CLAMPS Realtime Data

Collaborative Lower Atmospheric Mobile Profiling System

CLAMPS (or the Collaborative Lower Atmospheric Mobile Profiling System) was originally envisioned as a deployable boundary layer profiling system that is able to measure profiles of temperature, water vapor, and wind in the lowest several kilometers of the atmosphere at high temporal resolution using a particular combination of instruments. This instrument suite, and more specifically, the dataset derived from these observations, allows the users to identify and quantify significant changes in the atmospheric thermodynamic or dynamic structure. The real-time and continuous observation of these atmospheric properties is useful for characterizing the pre-convection environment for research on convective systems, mesoscale dynamic studies, research on nowcasting and forecasting local weather, technique development for remote sensing, urban meteorology, air quality and chemical weather analyses, research on boundary layer evolution, and other applications. In other words, the system allows for a unique breadth of research topics and applications. At the time of CLAMPS’s inception, no comparable capability existed within the university community or NOAA/OAR, and the CLAMPS system was the first to combine two thermodynamic profiling capabilities. While the three remote sensors that make up the CLAMPS mobile facility have a significant history, integration of the three together is what makes CLAMPS unique and powerful. The CLAMPS platform is made up of three main instruments: a Doppler lidar, a microwave radiometer (MWR), and an atmospheric emitted radiance interferometer (AERI). In addition to these three, CLAMPS also supports surface meteorological observations and a balloon radiosonde system.

CLAMPS is a collaborative effort between the NOAA National Severe Storms Laboratory (NSSL) and the University of Oklahoma (OU) School of Meteorology (SoM). Two CLAMPS facilities are operated by the collaborative team. CLAMPS-1 was funded by the NSF, NSSL, and OU, and was constructed in 2015. CLAMPS-2 was built in early 2016 with funding from NSSL. The CLAMPS facilities are trailer-based systems with their own generators and thus are easily transported to different locations; they can also be operated from shore power.

References

These references provide examples of CLAMPS data applications in published science and/or information about CLAMPS instrumentation and retreivals.

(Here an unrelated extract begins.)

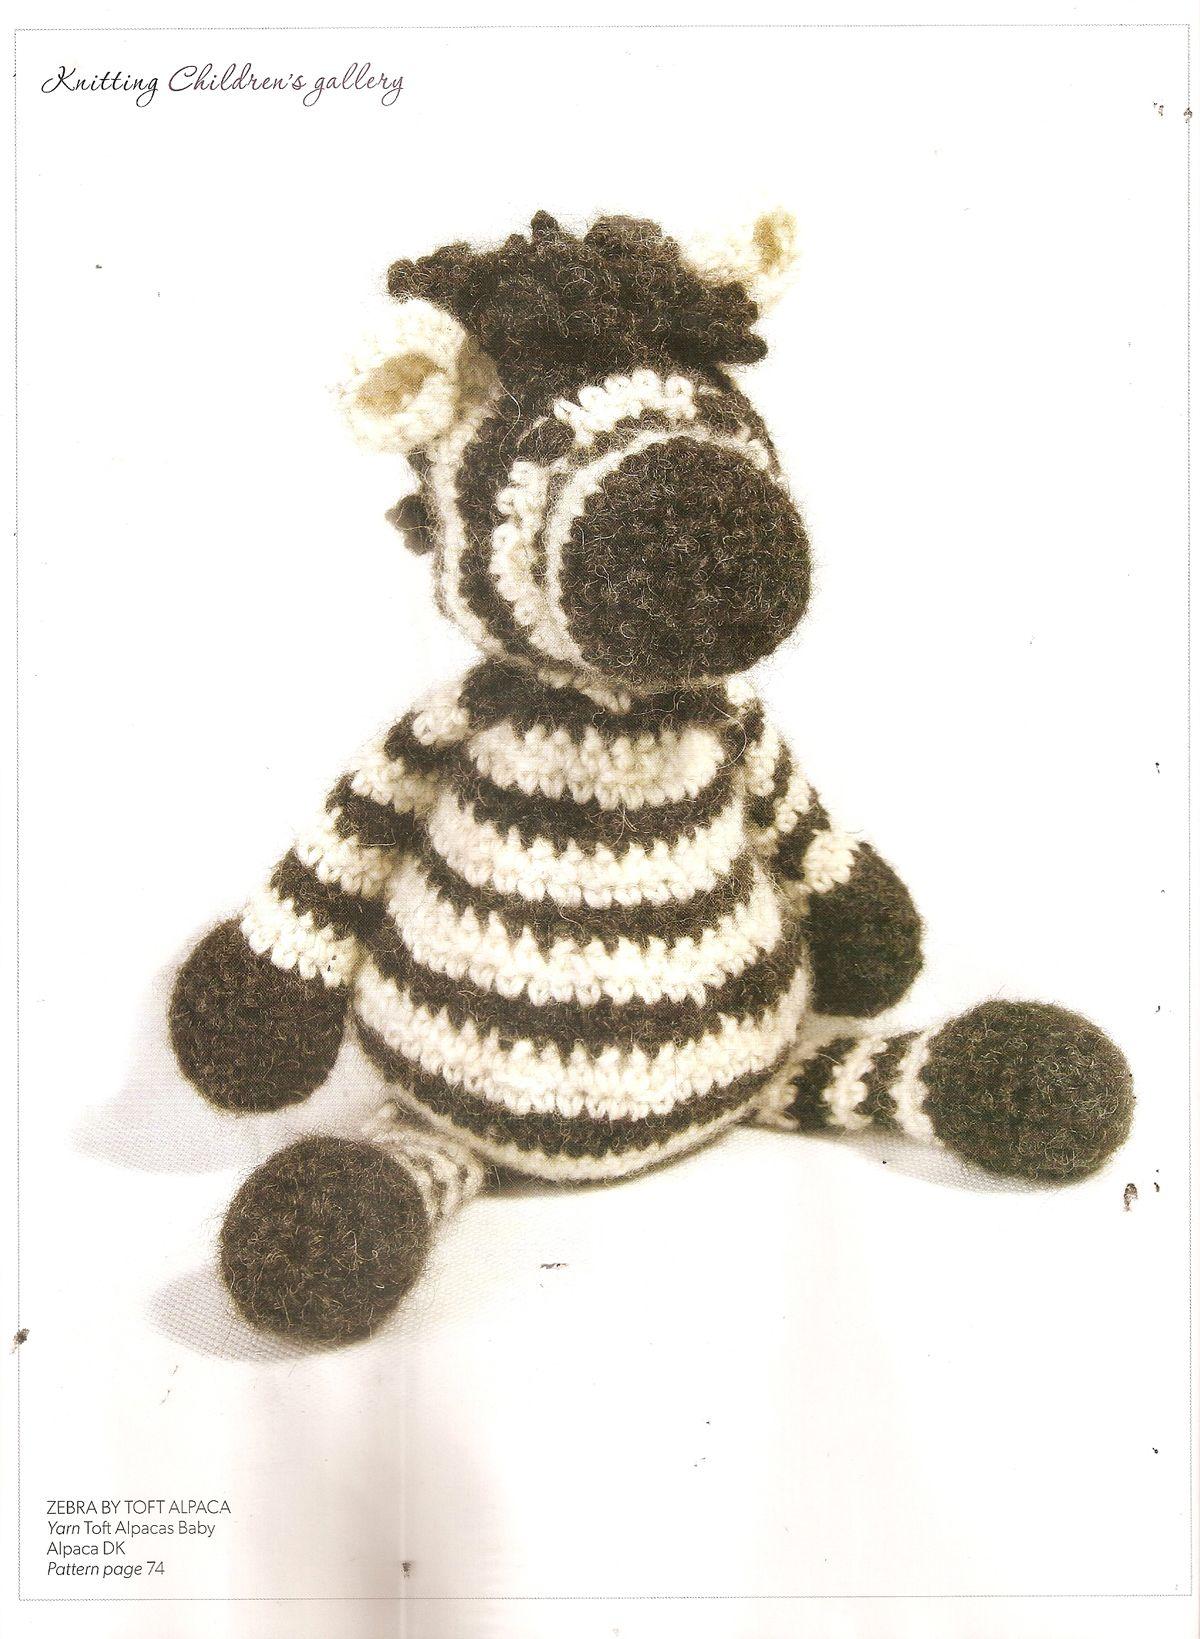 Toft Alpaca - Zebra, Yarn Toft Alpacas Baby. Knitting Magazine ...

  • Degelia, S. K., X. Wang, and D. J. Stensrud, 2019: An Evaluation of the Impact of Assimilating AERI Retrievals, Kinematic Profilers, Rawinsondes, and Surface Observations on a Forecast of a Nocturnal Convection Initiation Event during the PECAN Field Campaign. Mon. Wea. Rev., 147, 2739–2764, https://doi.org/10.1175/MWR-D-18-0423.1.
  • Smith, E. N., J. G. Gebauer, P. M. Klein, E. Fedorovich, and J. A. Gibbs, 2019: The Great Plains Low-Level Jet during PECAN: Observed and Simulated Characteristics. Mon. Wea. Rev., 147, 1845–1869, https://doi.org/10.1175/MWR-D-18-0293.1.
  • Wagner, T. J., P. M. Klein, and D. D. Turner, 2019: A New Generation of Ground-Based Mobile Platforms for Active and Passive Profiling of the Boundary Layer. Bull. Amer. Meteor. Soc., 100, 137–153, https://doi.org/10.1175/BAMS-D-17-0165.1.
  • Geerts, B., and coauthors, 2017: The 2015 Plains Elevated Convection at Night (PECAN) field project. Bull. Amer. Meteor. Soc., 98, 767–786, https://doi.org/10.1175/BAMS-D-15-00257.1.
  • Blumberg, W.G., D.D. Turner, U. Loehnert, and S. Castleberry, 2015: Ground-based temperature and humidity profiling using spectral infrared and microwave observations. Part 2: Actual retrieval performance in clear sky and cloudy conditions. J. Appl. Meteor. Clim., 54, 2305-2319, doi:10.1175/JAMC-D-15-0005.1.
  • Klein, P., T.A. Bonin, J.F. Newman, D.D. Turner, P.B. Chilson, C.E. Wainwright, W.G. Blumberg, S. Mishra, M. Carney, E.P. Jacobsen, S. Wharton, and R.K. Newsom, 2015: LABLE: A multi-institutional, student-led, atmospheric boundary layer experiment. Bull. Amer. Meteo Soc., 96, 1743-1764. doi:10.1175/BAMS-D-13-00267.1.